「森里海連環学による地域循環木文化社会創出事業(木文化プロジェクト)」終了

木文化プロジェクトリーダー 吉岡 崇仁

 2009年に文部科学省の概算要求特別経費(プロジェクト分)に採択された「森里海連環学による地域循環木文化社会創出事業」(略称:木文化プロジェクト)は,2014年3月に5年間の研究を終了した。本プロジェクトは,京都府由良川流域と高知県仁淀川流域において,森から海に至るすべての生態系間の連環を研究する森里海連環学研究を推進する目的で取り組んだものである。森林管理による森林流域環境の変化と,地域社会での森林資源の利活用に関して,自然科学的評価と人文科学的評価の双方の結果を統合することにより,地域循環木文化社会創出に向けた研究を行った。プロジェクト期間中を通して,関連する地方自治体や地元住民の皆さまのご協力をいただいたこと,厚くお礼申し上げるとともに,関わった全ての教職員,学生,院生に感謝の意を表する。

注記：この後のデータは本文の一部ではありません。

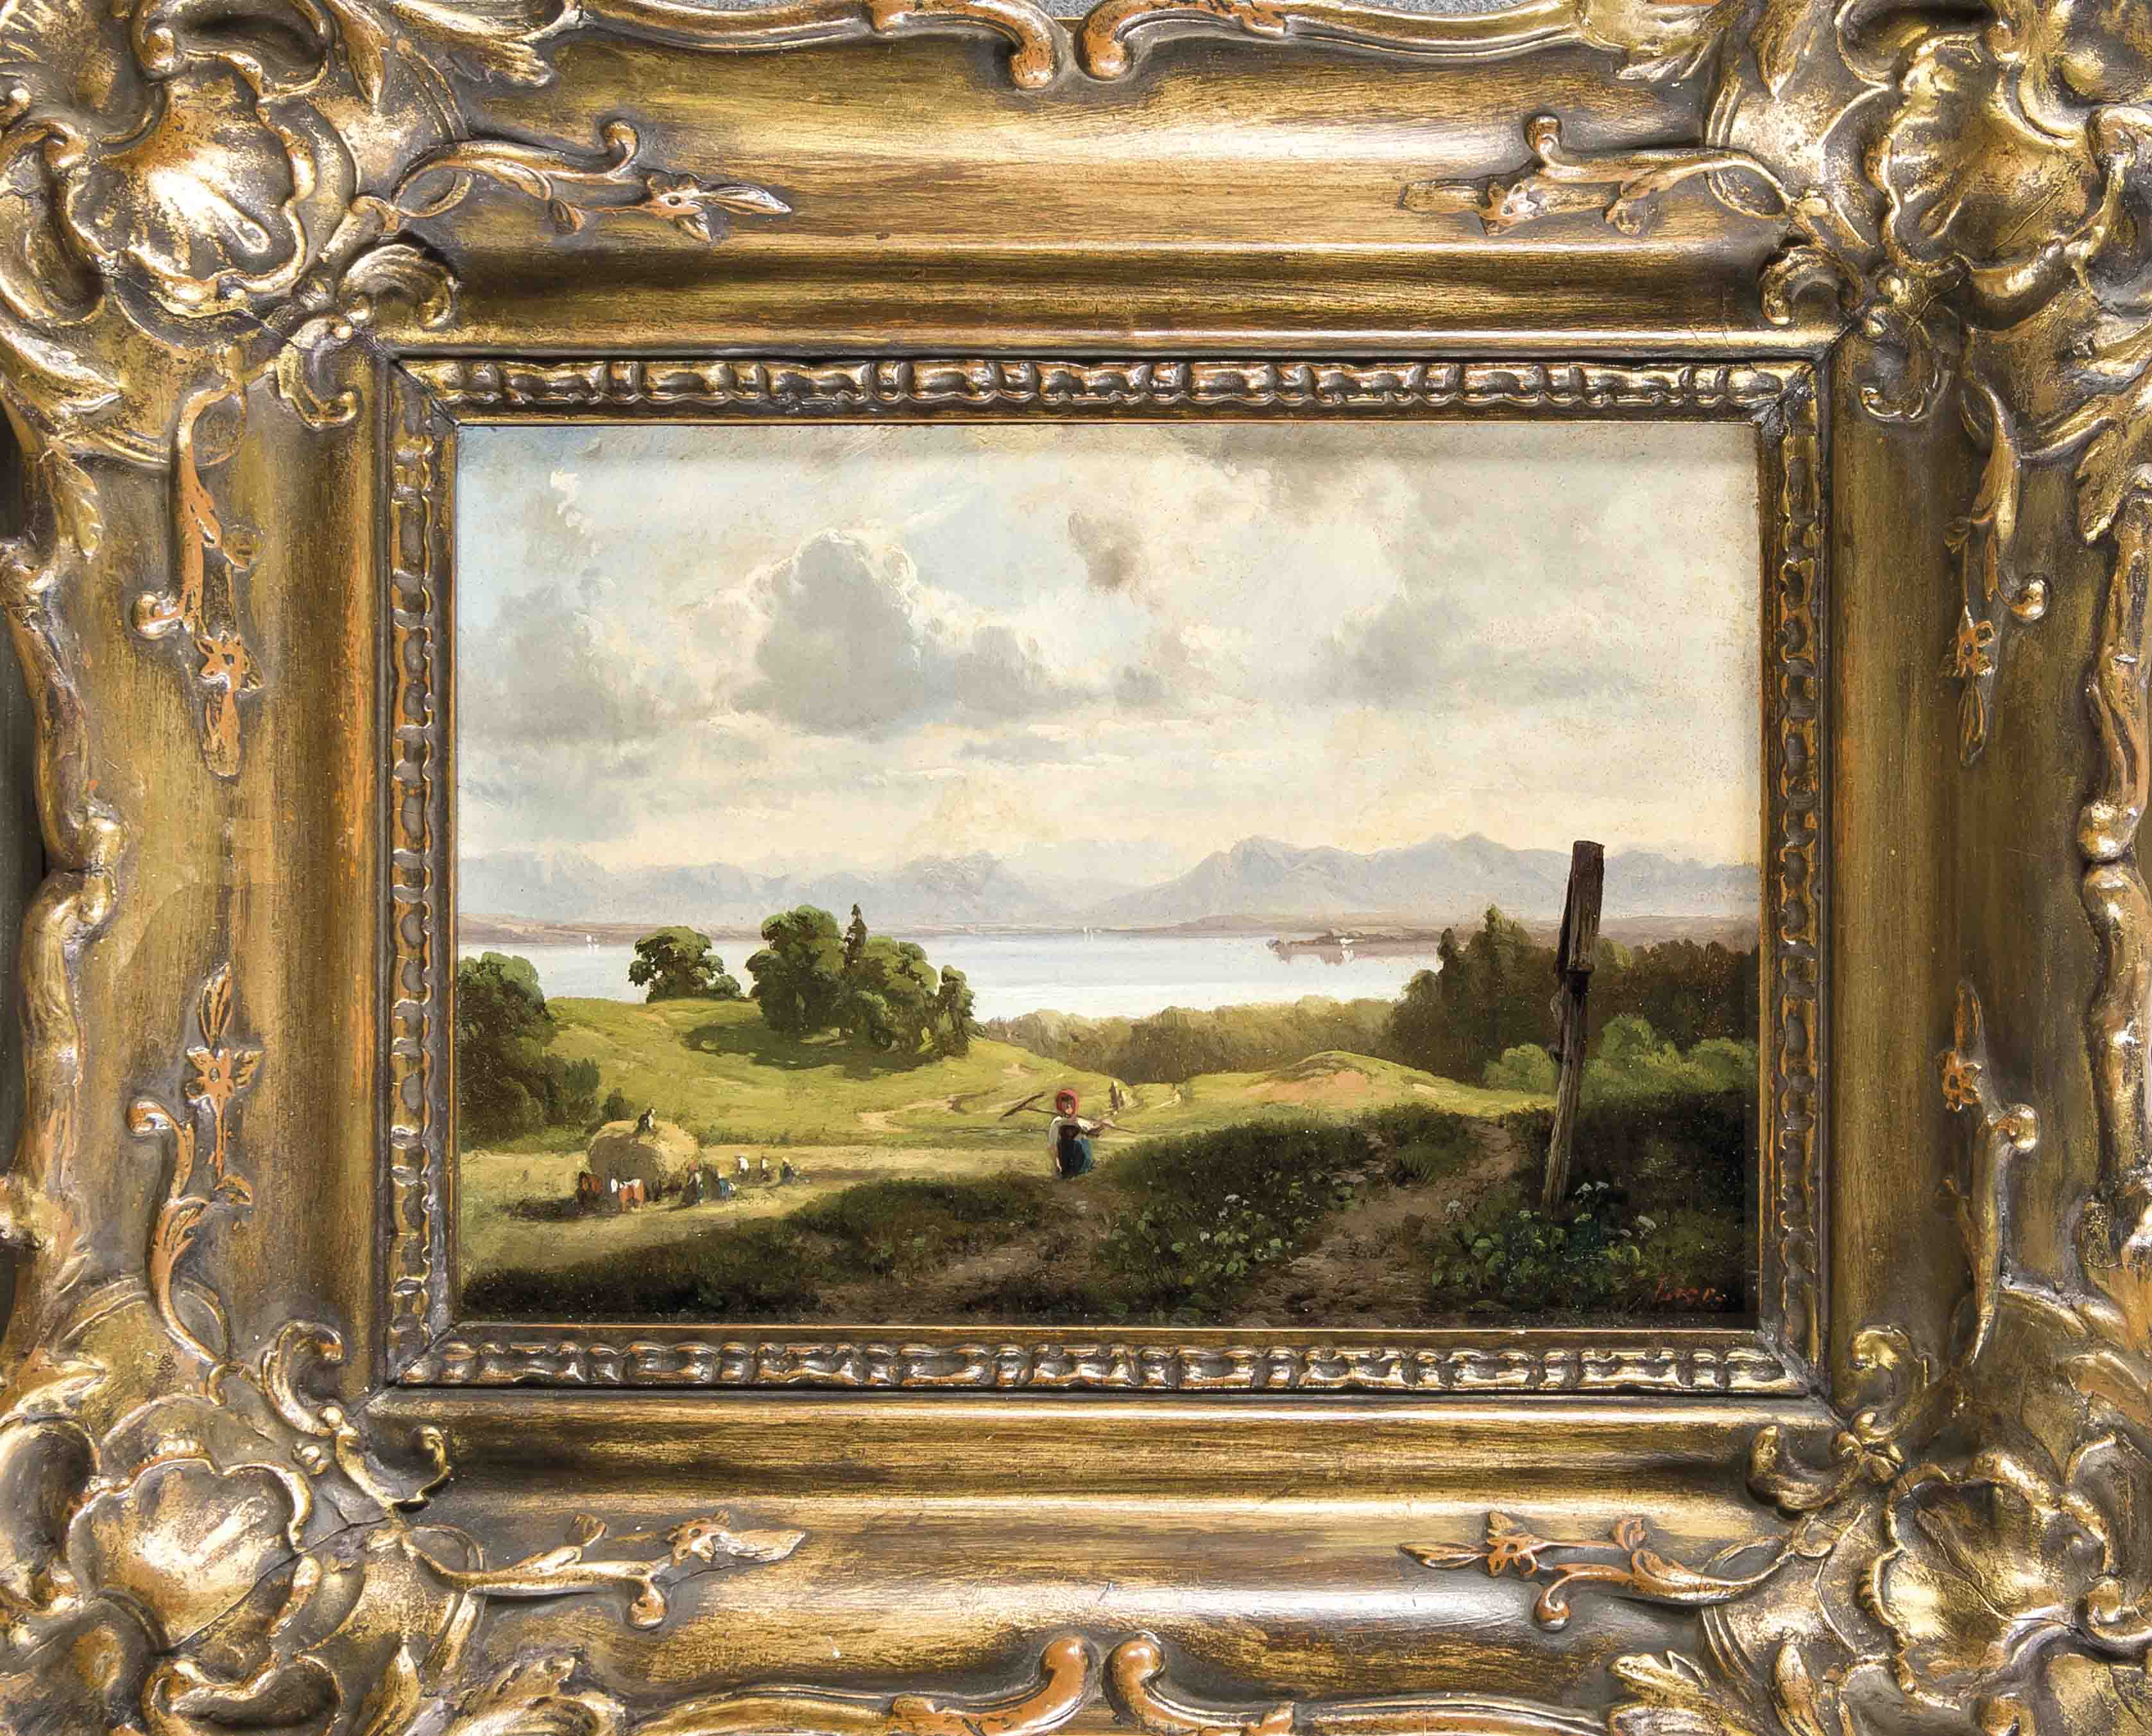 Adolf Heinrich Lier (1826-1882), dt. Landschaftsmaler, studierte bei Richard Zimmermann inMünchen,

 木文化プロジェクトでは,由良川,仁淀川両流域における森林・河川調査を中心に,由良川流域では,河口沿岸域の調査も実施した。人工林における間伐施業の作業効率に関する考察や施業が及ぼす森林と渓流生態系への影響を解析した。また,森と海の連環を象徴する溶存鉄と腐植物質の動態に関しては,海洋への溶存鉄の供給には,森林だけではなく,中下流域での人間活動も影響を及ぼしていることなどが示唆された。由良川流域の最上流に位置するフィールド研の芦生研究林では,シカ食害による森林生態系への影響についても研究を行った。下層植生や草原生態系における生物多様性への影響の他,渓流水生生物群集に及ぼす影響などが解析された。研究計画後半になってからであるが,フィールド研の芦生研究林のスギ人工林において,間伐施業を行い,土壌窒素循環や下層植生等への影響解析を開始した。一方,里と森との連環に関しては,社会調査班を構成して,木文化サロンにおける木質バイオマス利用に関する情報交流や森林・国産材に関する意識調査に加えて,仁淀川町では,住民参加によるワークショップ「みんなで仁淀川町の未来を考える会議『仁淀川の未来の話をしてみませんか?』」(2013年8月24日)を開催した。
 成果の公表に関しては,今までに数多くの国内,国際学会での発表,学術雑誌への論文掲載の他,国際シンポジウム「Integrated Coastal Management for Marine Biodiversity」(2010年1月14~15日),「International Symposium on the Connectivity of Hills, Humans and Oceans (CoHHO):Integrated Ecosystem Management from Hill to Ocean」(2013年11月26~28日)を開催した。また,社会連携活動として,由良川,仁淀川流域をはじめとする地域での連携講座や京都大学百周年時計台記念館での時計台対話集会などを開催してきた。